- _Data segment_:
--

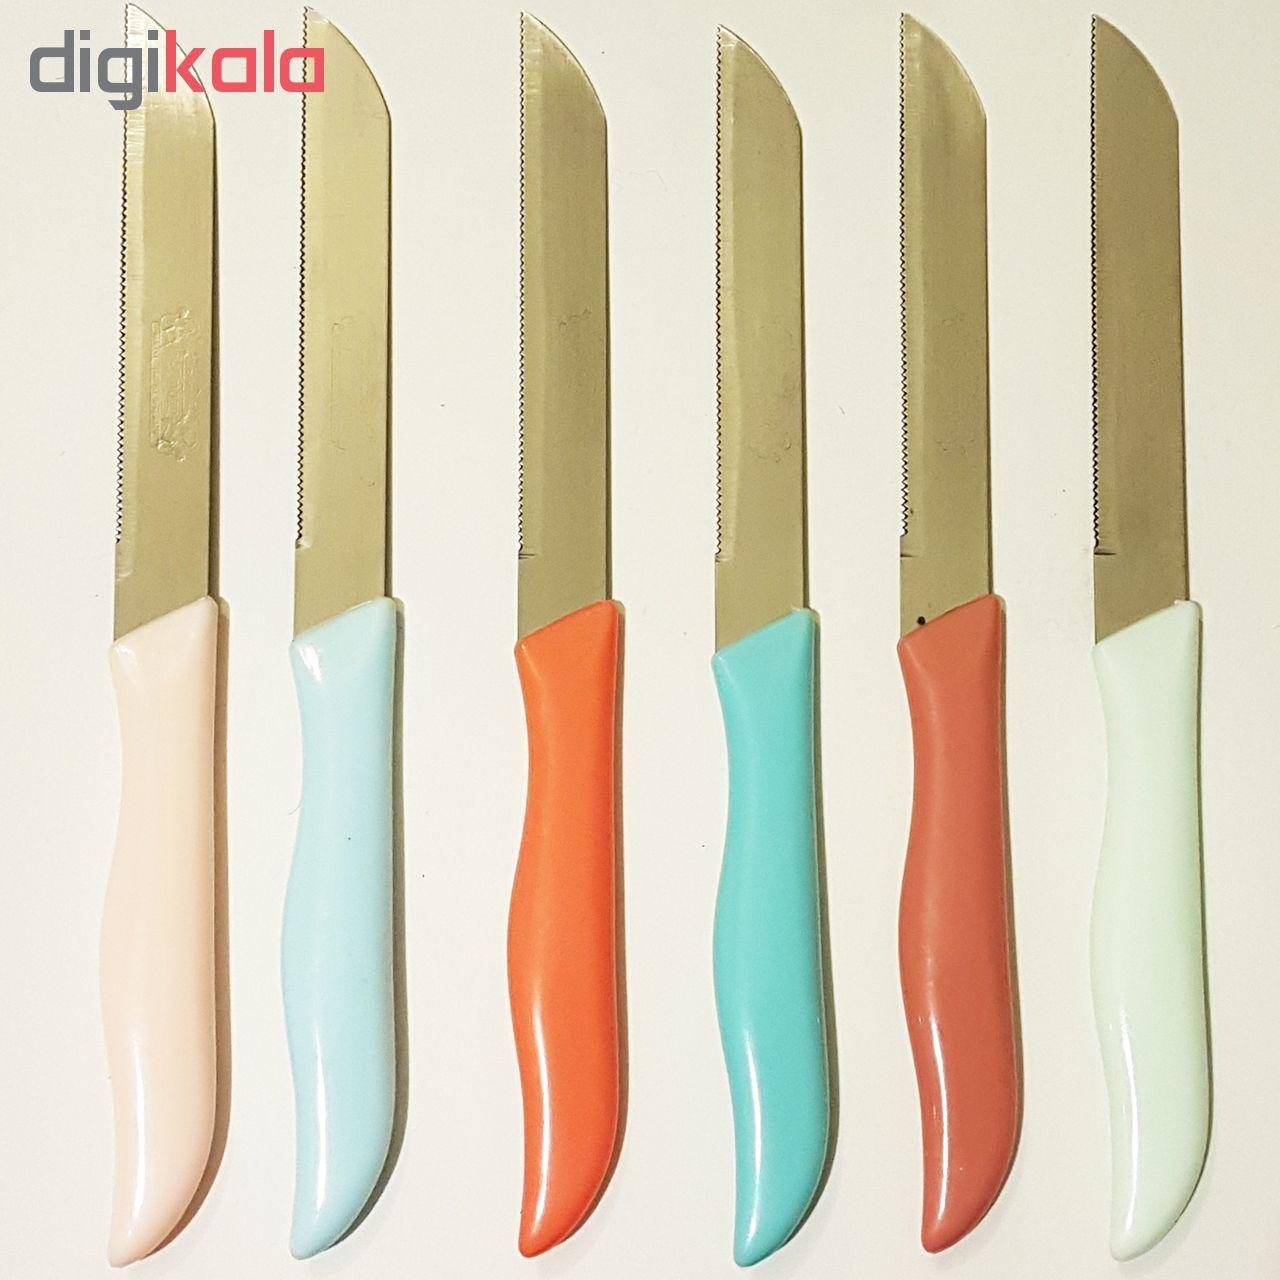 چاقو آشپزخانه سولیمون مدل FARDINOX 01 main 1 4
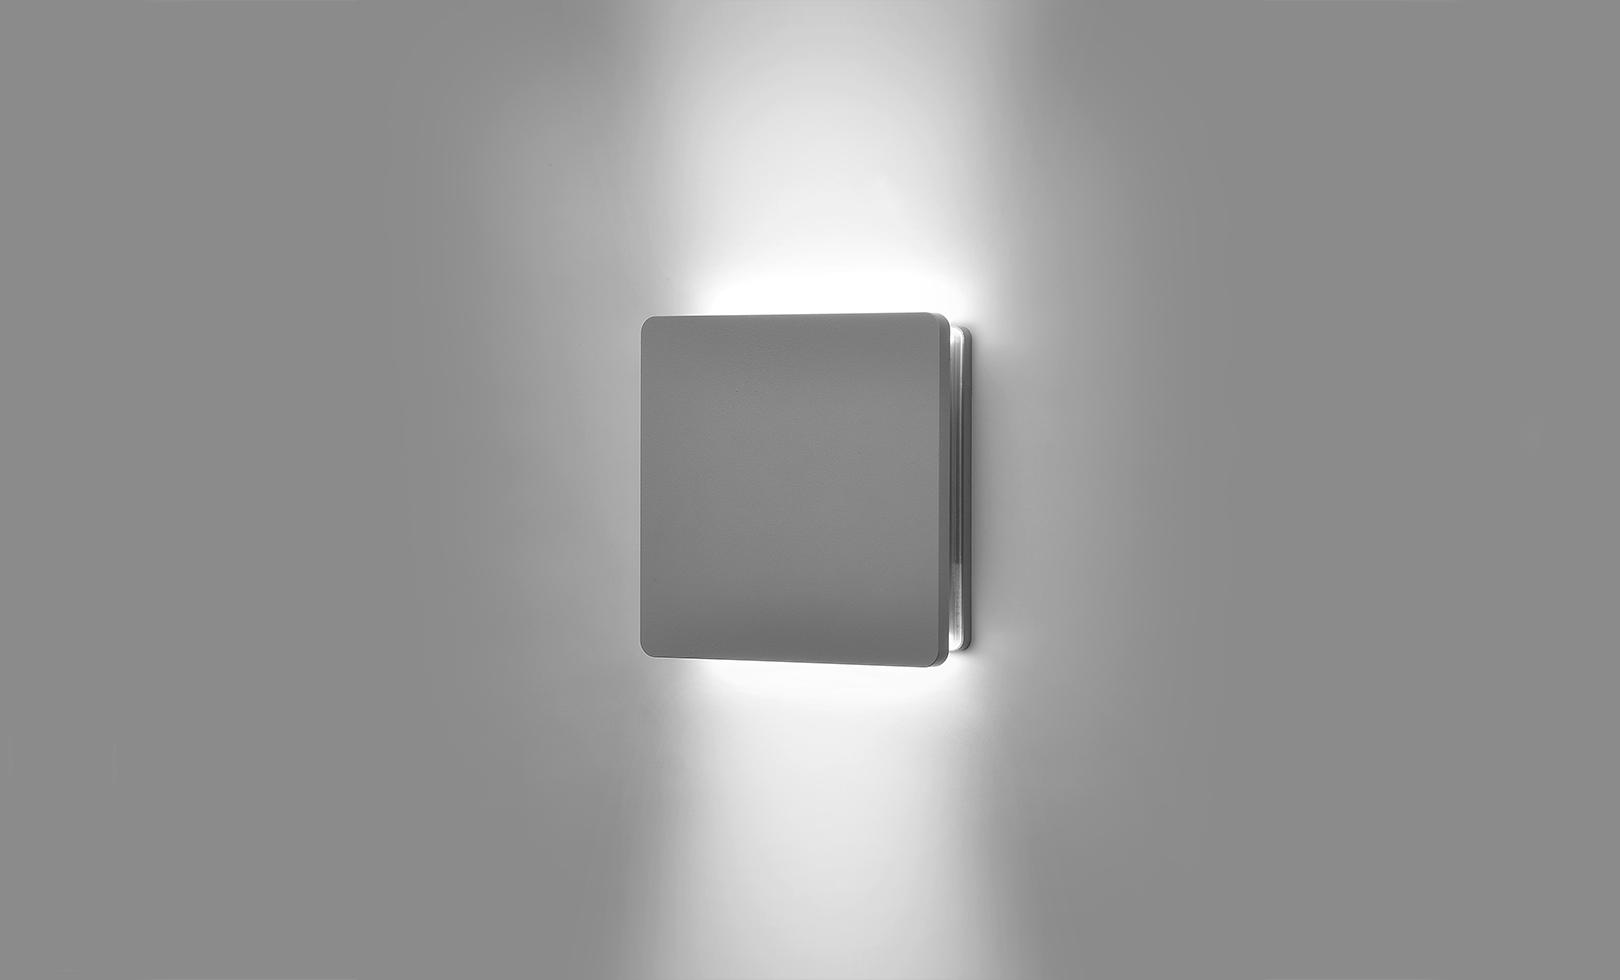 401708 ECLIPSE MEDIUM SQUARE 02 LED 19W 1
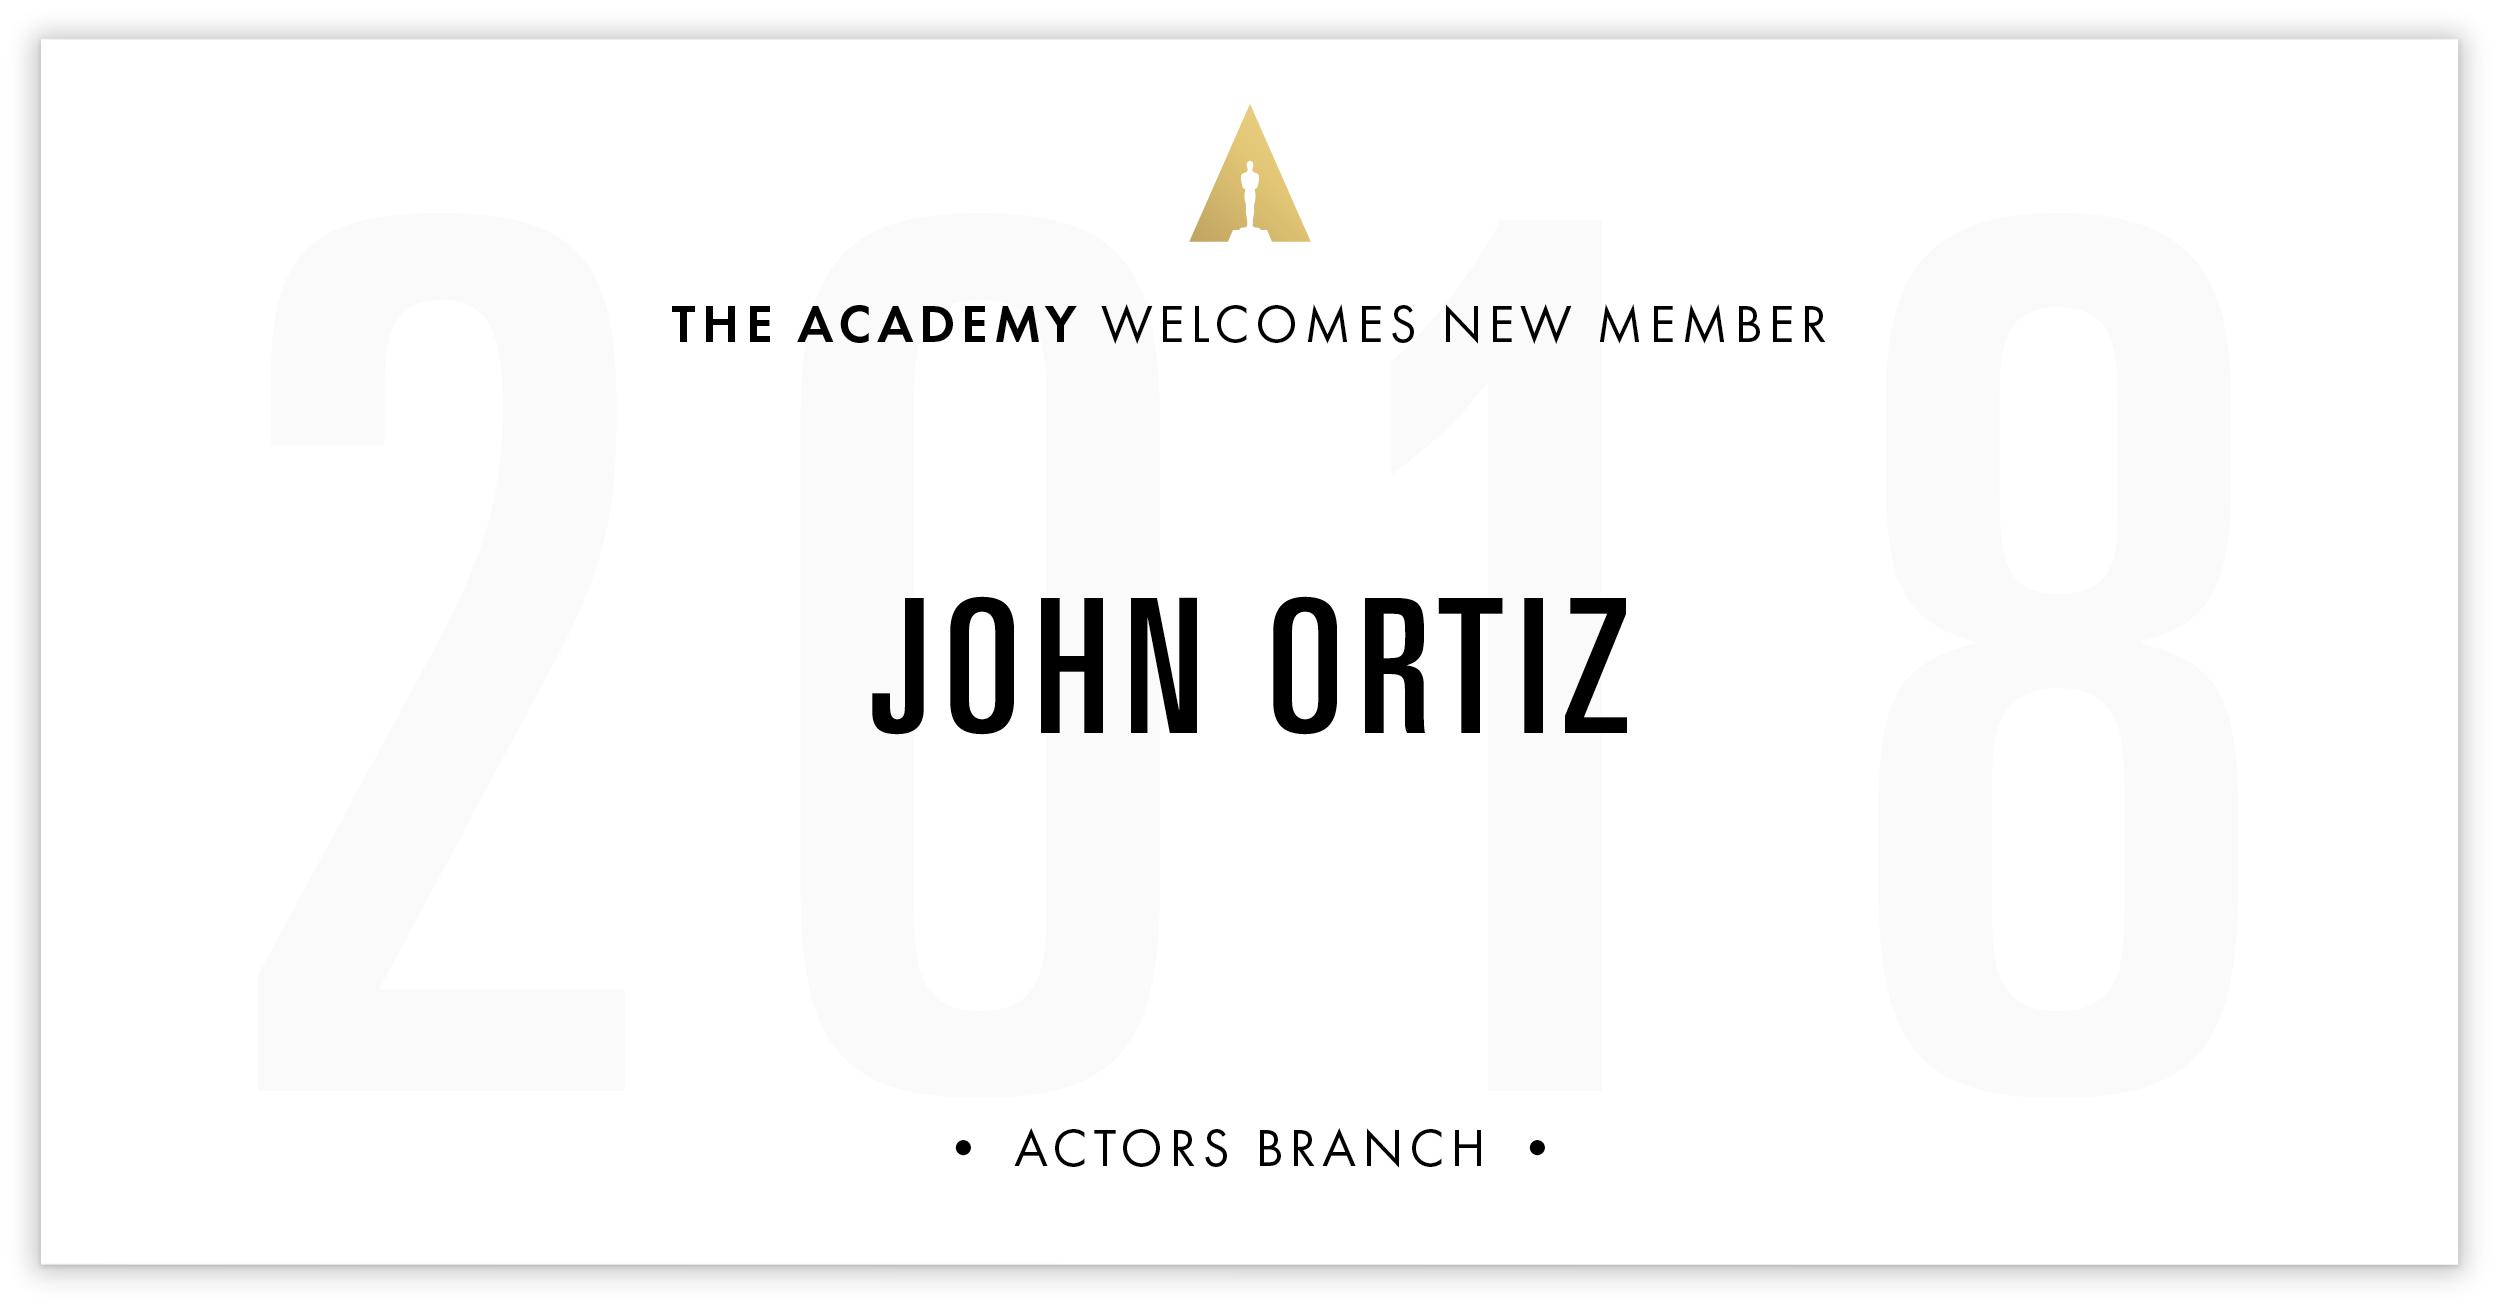 John Ortiz is invited!

--

- _Exercise prompt_:
Everything from the line with "401708 ECLIPSE MEDIUM SQUARE 02 LED 19W 1" through the last line of the listing above is to be copied exactly, both ends included, except the pictures.

- _Response to the exercise_:
 401708 ECLIPSE MEDIUM SQUARE 02 LED 19W 1
 John Ortiz is invited!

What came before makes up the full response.